PhD Position F/M [Campagne DOC BMI-NF-GRA-2024] Knowledge-based reinforcement learning and knowledge evolution
Contract type : Fixed-term contract
Level of qualifications required : Graduate degree or equivalent
Fonction : PhD Position
About the research centre or Inria department
The Centre Inria de l’Université de Grenoble groups together almost 600 people in 22 research teams and 7 research support departments.
Staff is present on three campuses in Grenoble, in close collaboration with other research and higher education institutions (Université Grenoble Alpes, CNRS, CEA, INRAE, …), but also with key economic players in the area.
The Centre Inria de l’Université Grenoble Alpe is active in the fields of high-performance computing, verification and embedded systems, modeling of the environment at multiple levels, and data science and artificial intelligence. The center is a top-level scientific institute with an extensive network of international collaborations in Europe and the rest of the world.
Context
Doctoral school: MSTII, Université Grenoble Alpes.
Advisor: Jérôme Euzenat (Jerome:Euzenat#inria:fr) and Jérôme David (Jerome:David#univ-grenoble-alpes.fr).
Group: The work will be carried out in the mOeX team common to INRIA & LIG. mOeX is dedicated to study knowledge evolution through adaptation. It gathers researchers which have taken an active part these past 15 years in the development of the semantic web and more specifically ontology matching and data interlinking.
Assignment
Cultural knowledge evolution and multiagent reinforcement learning share some of their prominent features. Putting explicit knowledge at the heart of the reinforcement process may contribute to better explanation and transfer.

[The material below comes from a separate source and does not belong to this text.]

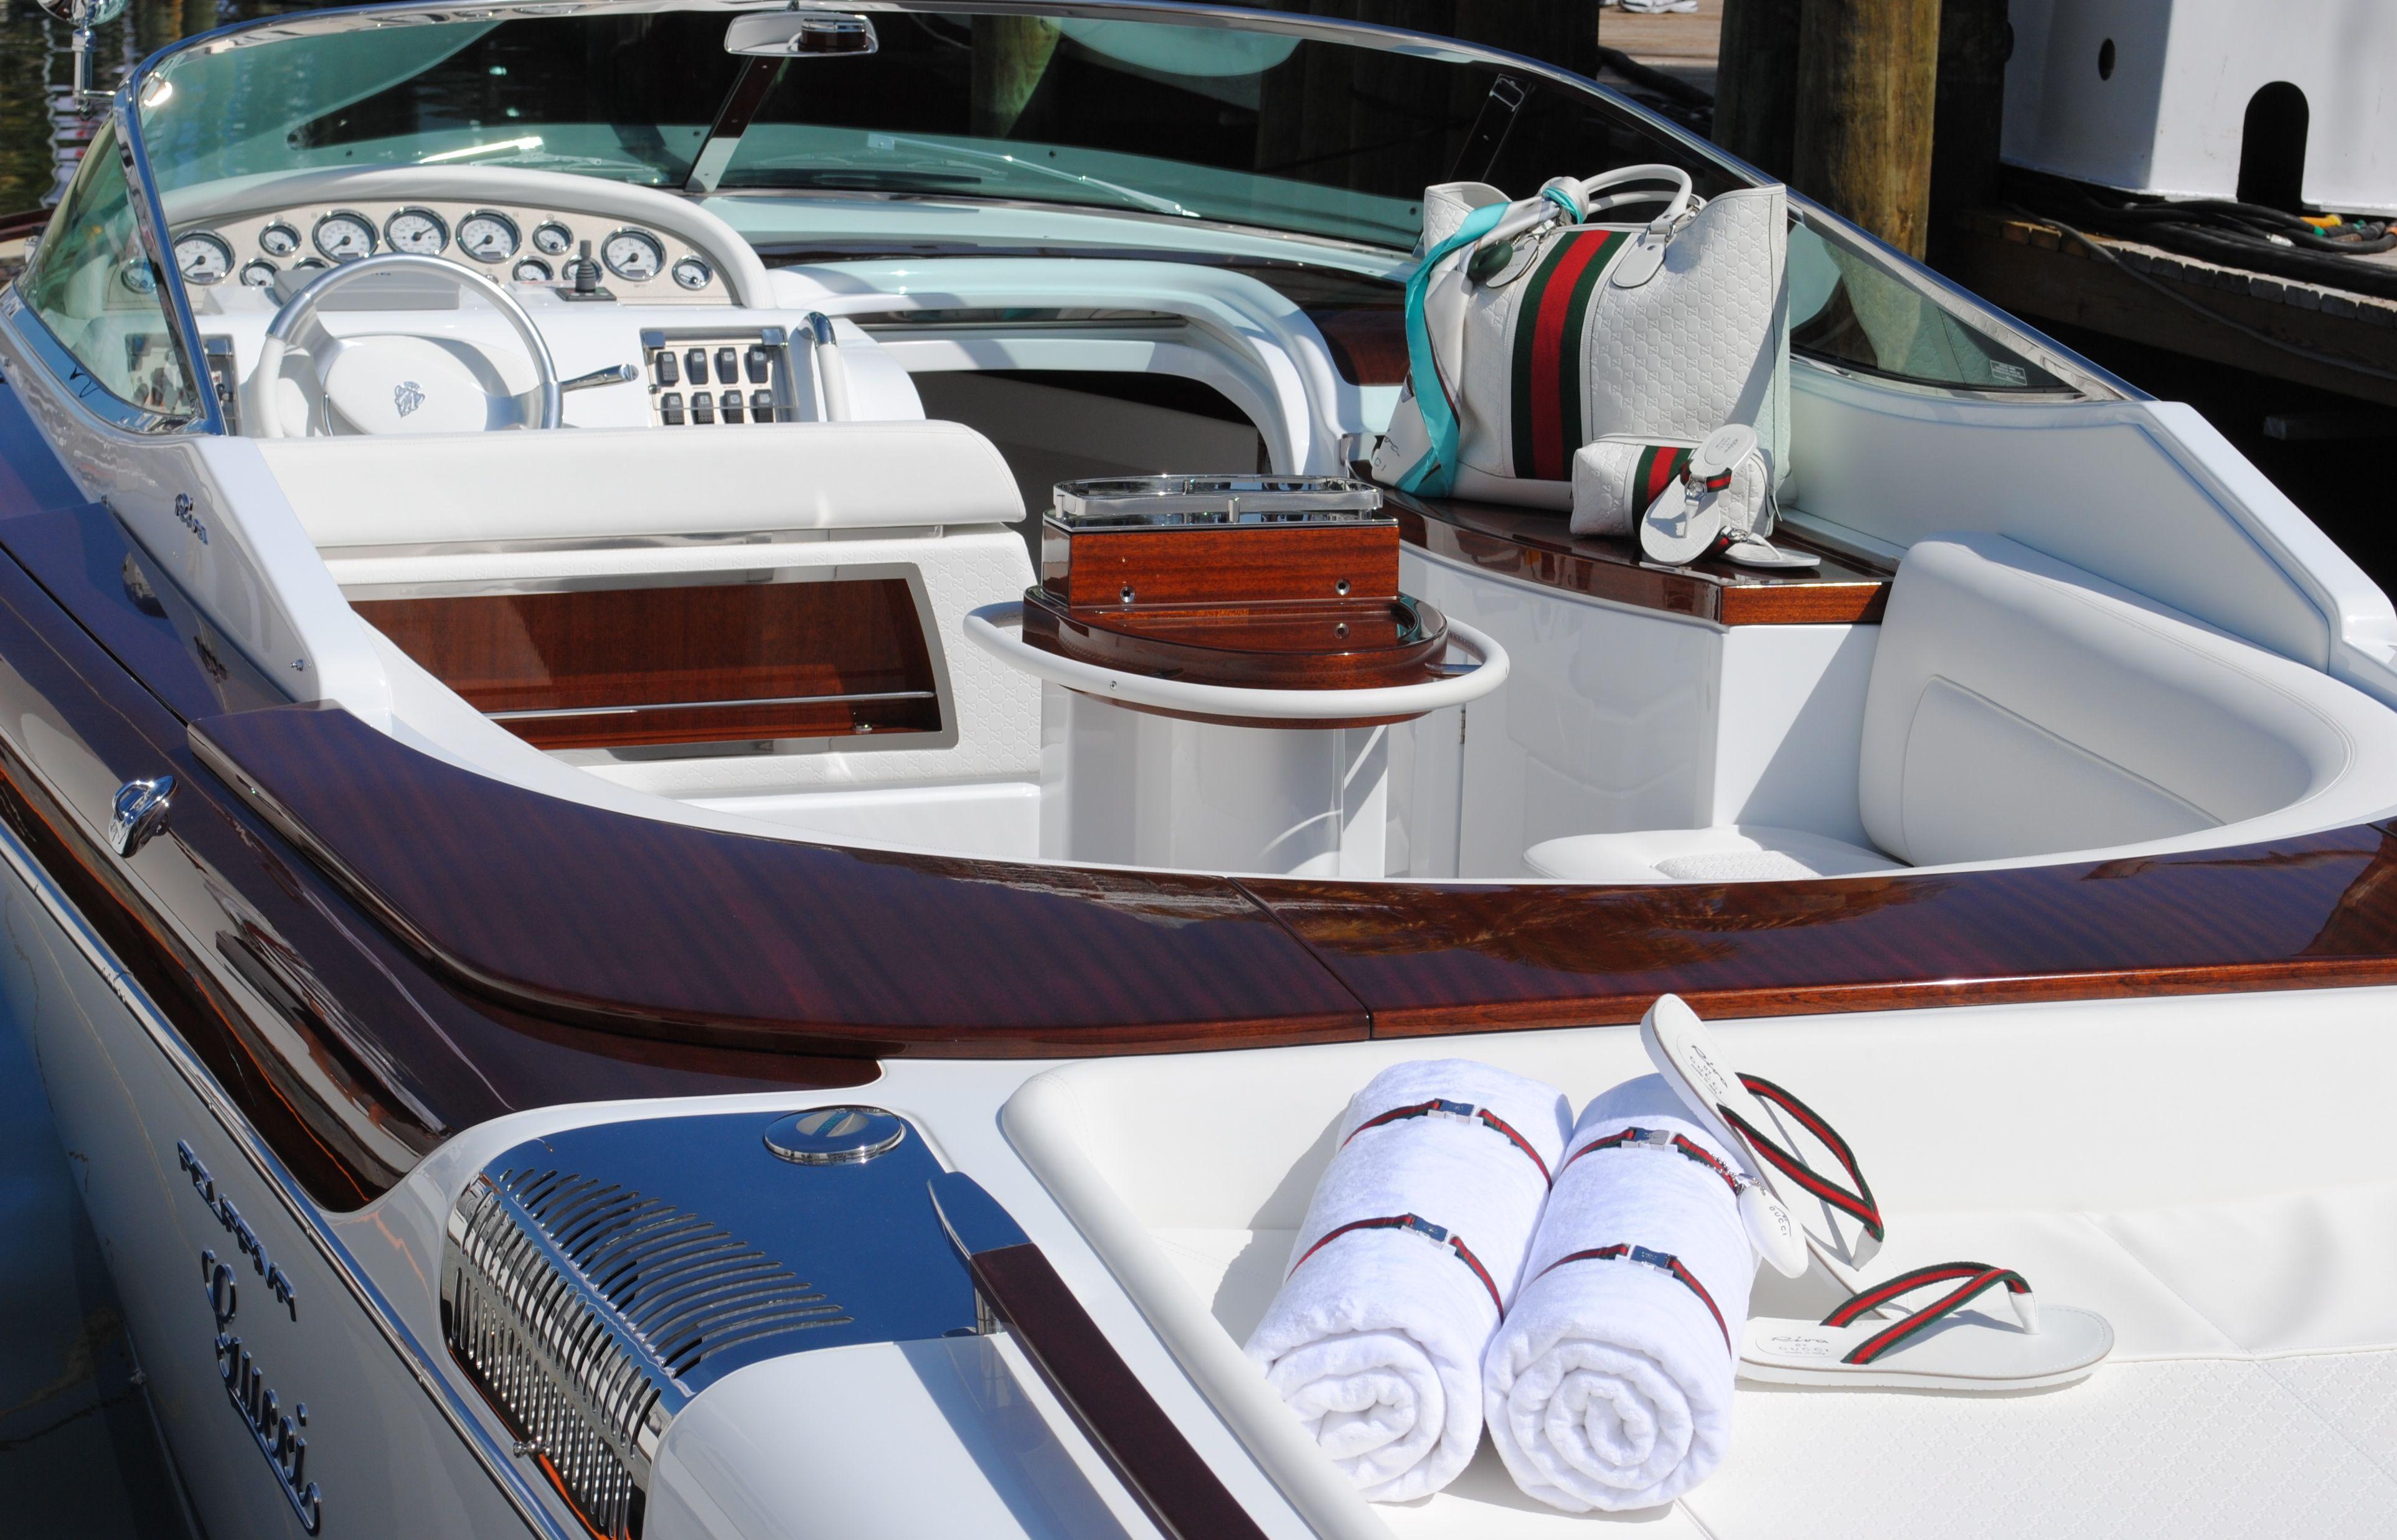 Aquariva by Gucci   Boat   Boat, Power boats, Motor boats 6d43bdb1cbb

Cultural knowledge evolution deals with the evolution of knowledge representation in a group of agents. For that purpose, cooperating agents adapt their knowledge to the situations they are exposed to and the feedback they receive from others. This framework has been considered in the context of evolving natural languages [Steels, 2012]. We have applied it to ontology alignment repair, i.e. the improvement of incorrect alignments [Euzenat, 2017] and ontology evolution [Bourahla et al., 2021]. We have shown that it converges towards successful communication through improving the intrinsic knowledge quality.
Reinforcement learning is a learning mechanism adapting the decision making process for maximising the reward provided by the environment to the actions performed by agents [Sutton and Barto, 1998]. Many multi-agent versions of reinforcement learning have also been proposed depending on the agent attitude (cooperative, competitive) and the task structure (homogeneous, heterogeneous) [Bučoniu et al., 2010].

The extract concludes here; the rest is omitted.